▶ Data segment
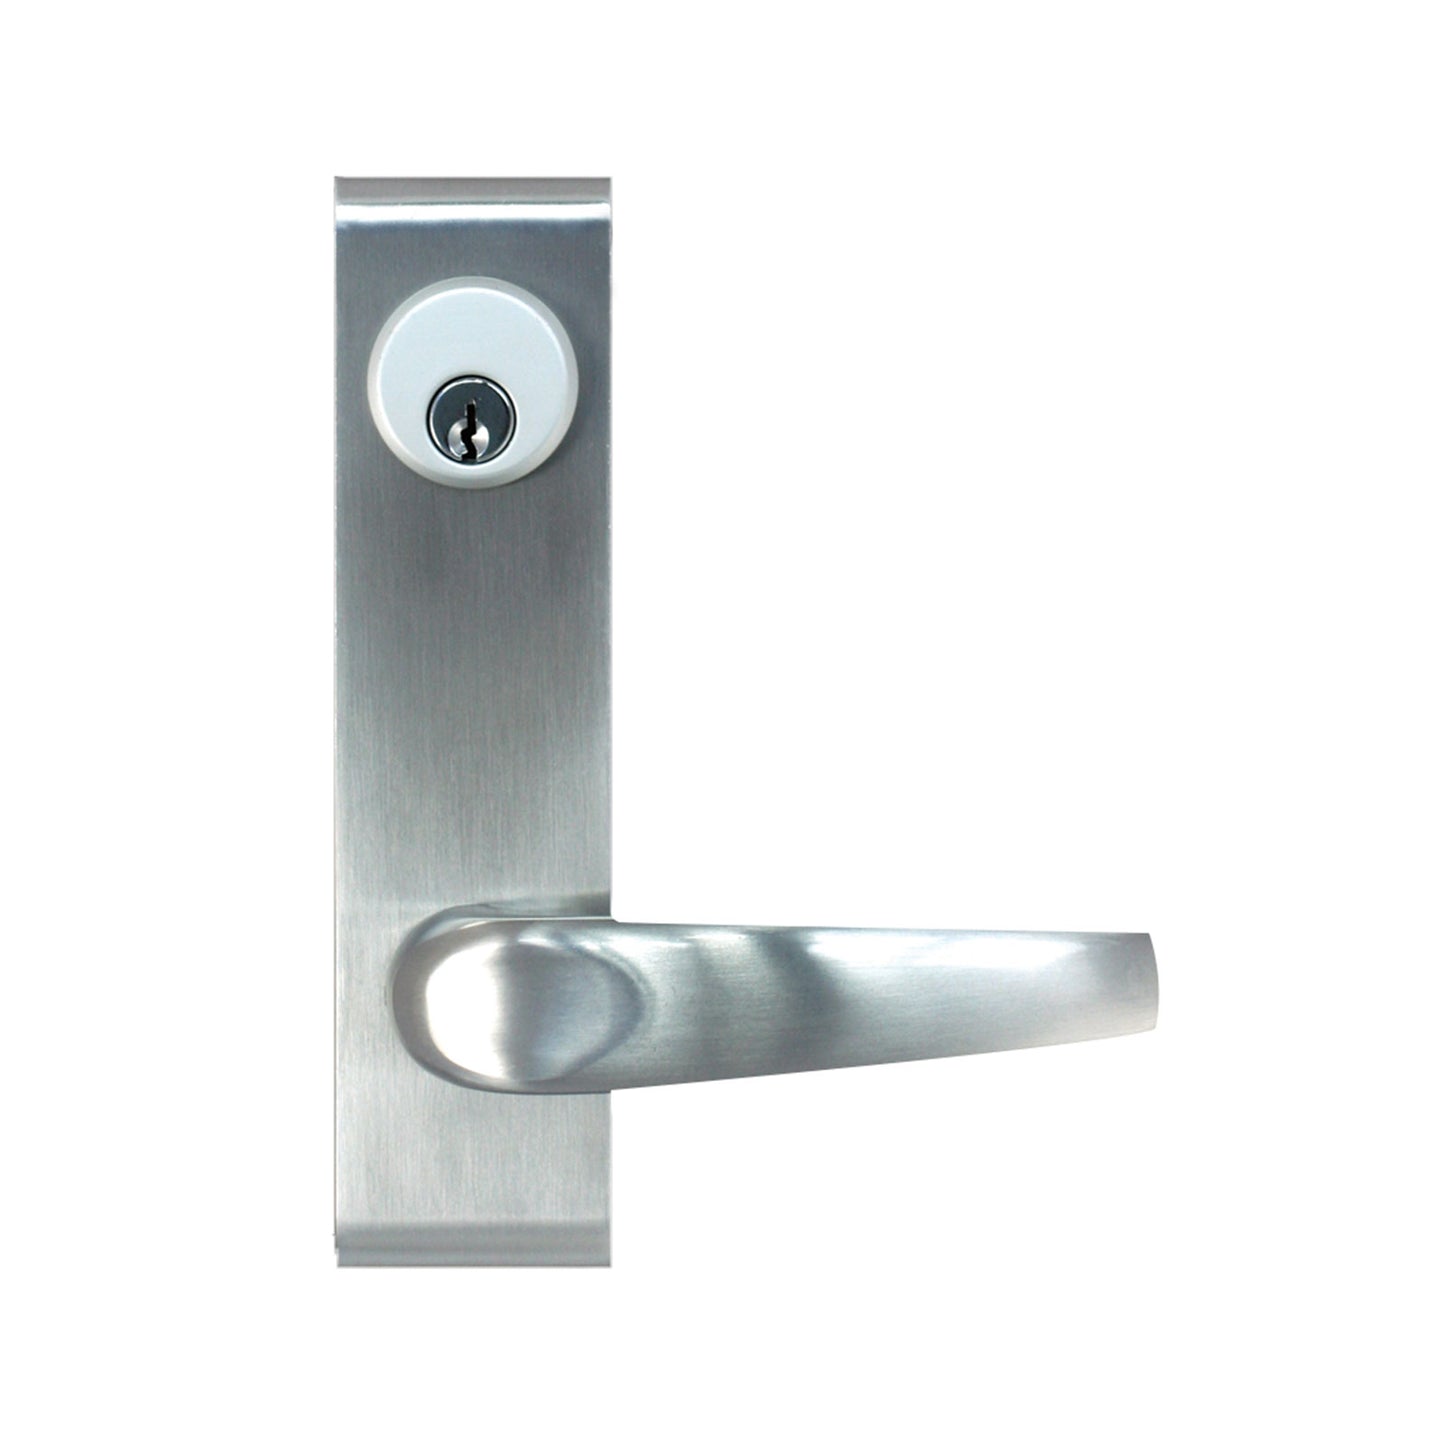 Axim LH-745/LH-725 Outside Handle External Access For Concealed Fire Escape Emergency Exit Bar
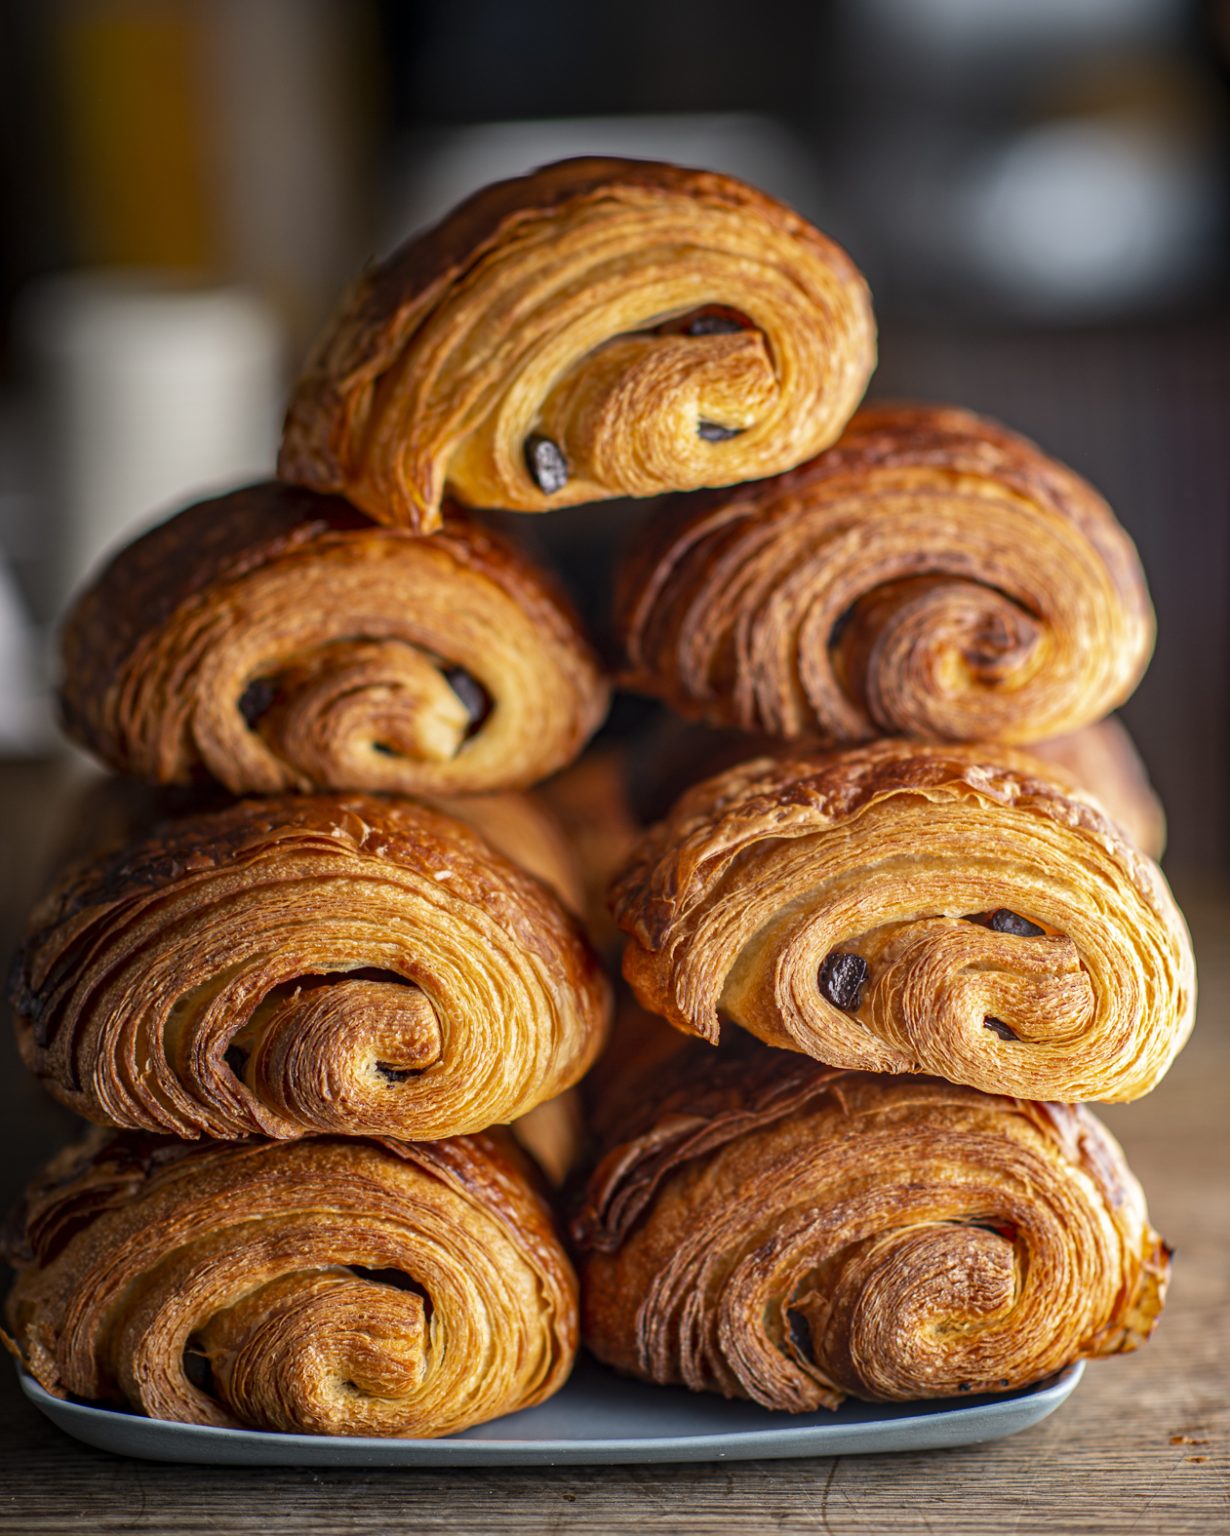 Delicious Pain au Chocolat pastry on a plate, freshly baked and filled with rich chocolate.
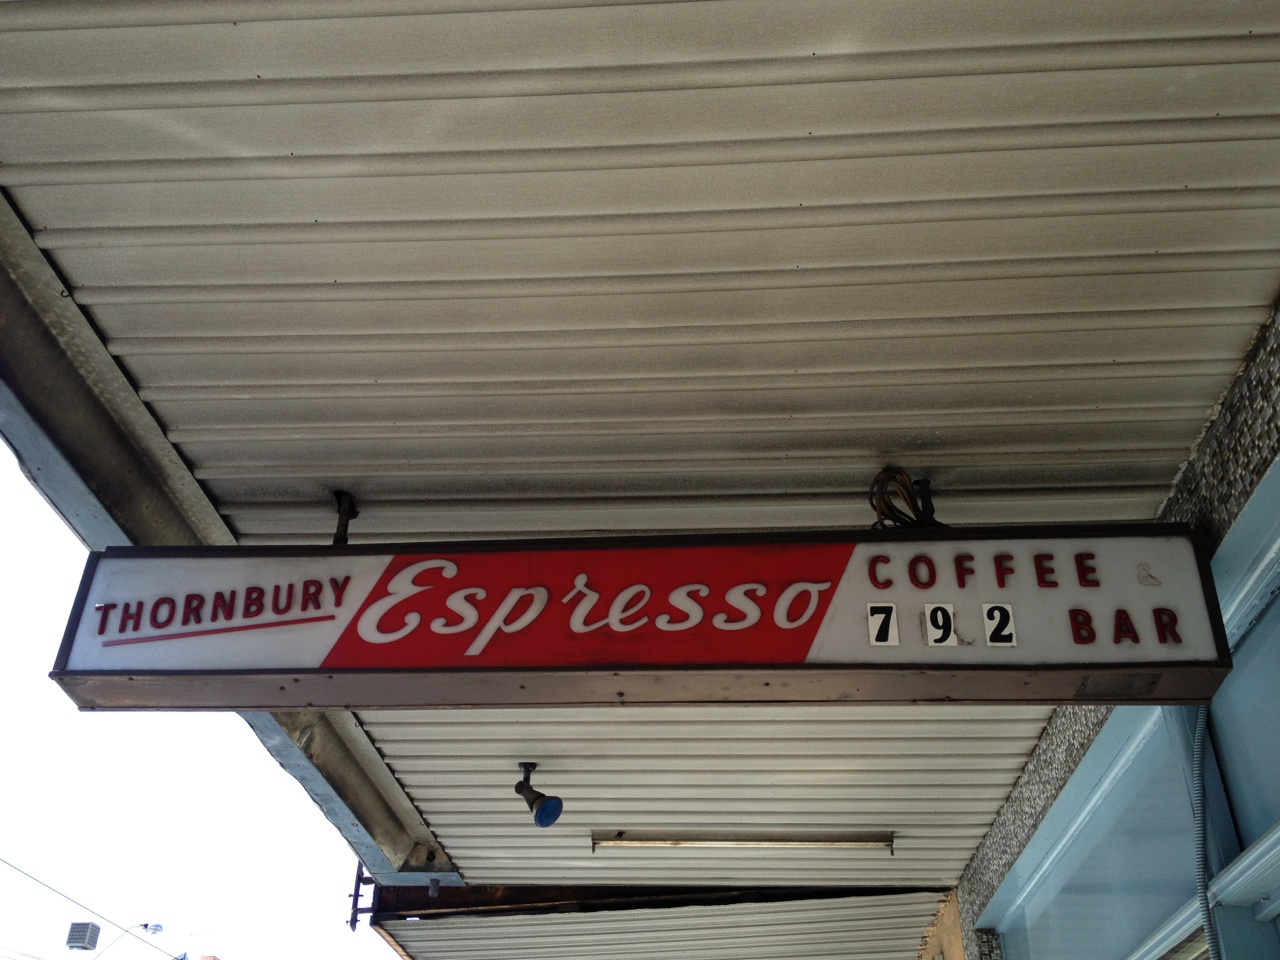 Thornbury Espresso Bar, which Di Stasio remembers visiting as a child with his father.
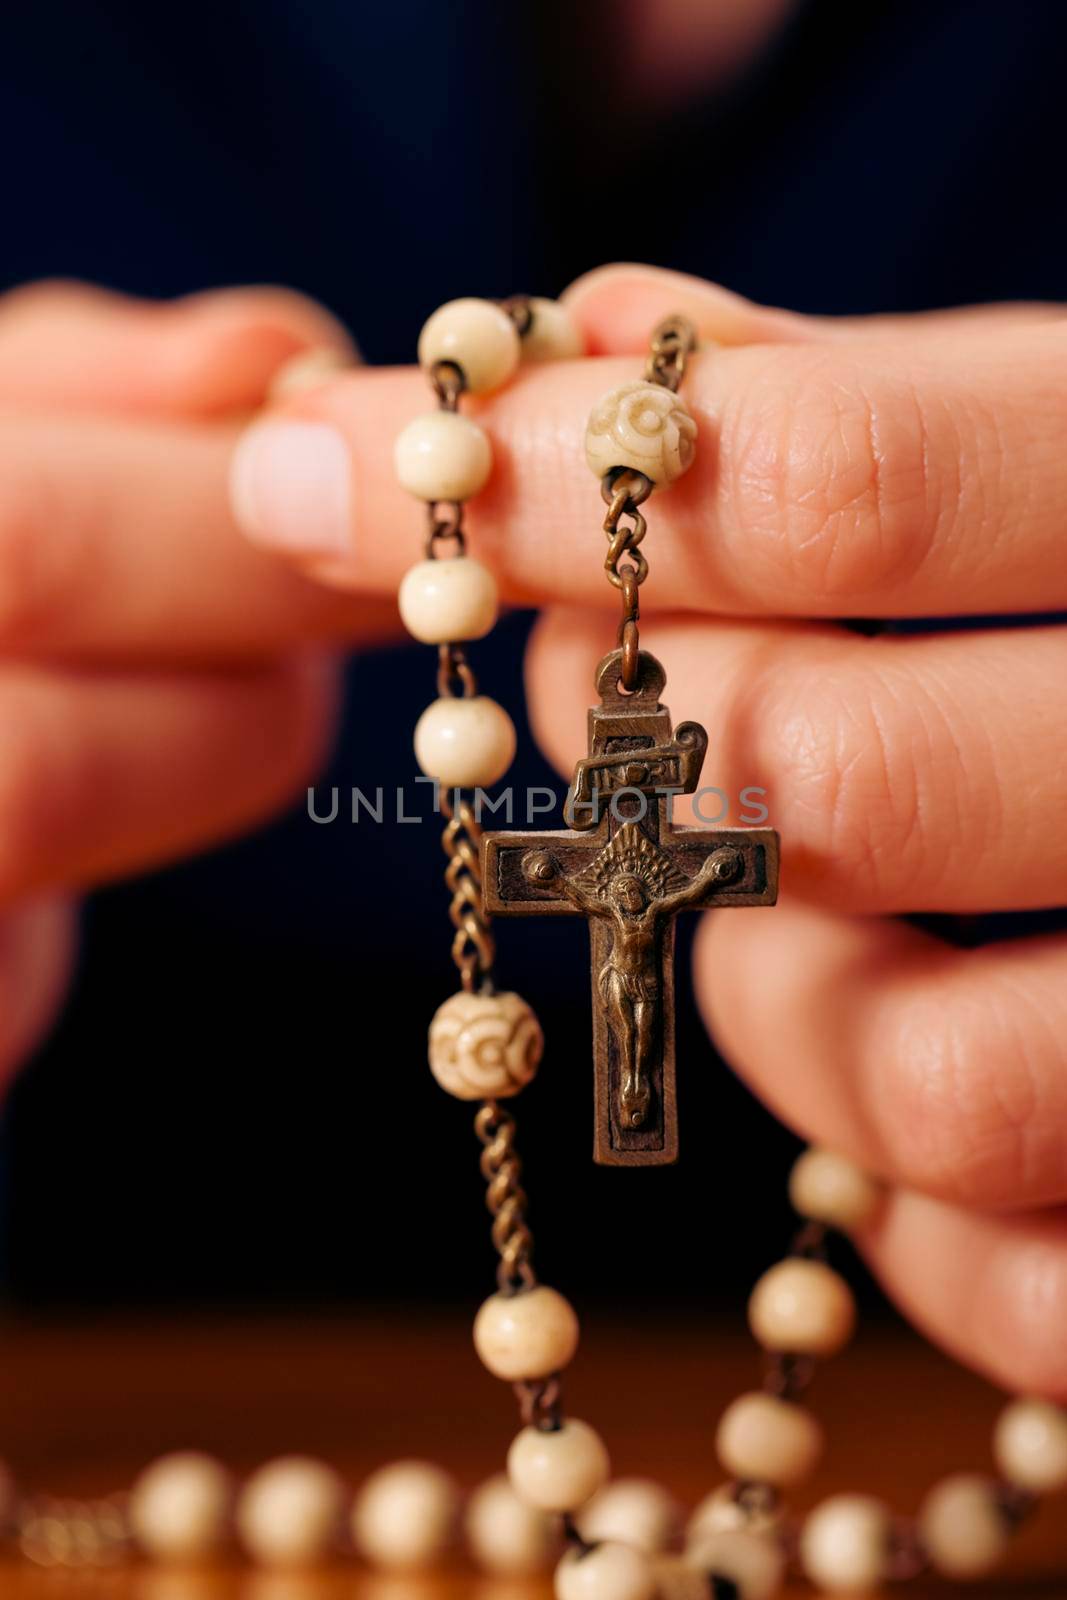 Woman praying with rosary to God by Kzenon

▶ Task brief
"Delicious Pain au" marks the first line to copy; copy that line and every line after it through the last line of the listing, exactly and without pictures.

▶ Answer to the exercise
 Delicious Pain au Chocolat pastry on a plate, freshly baked and filled with rich chocolate.
 Thornbury Espresso Bar, which Di Stasio remembers visiting as a child with his father.
 Woman praying with rosary to God by Kzenon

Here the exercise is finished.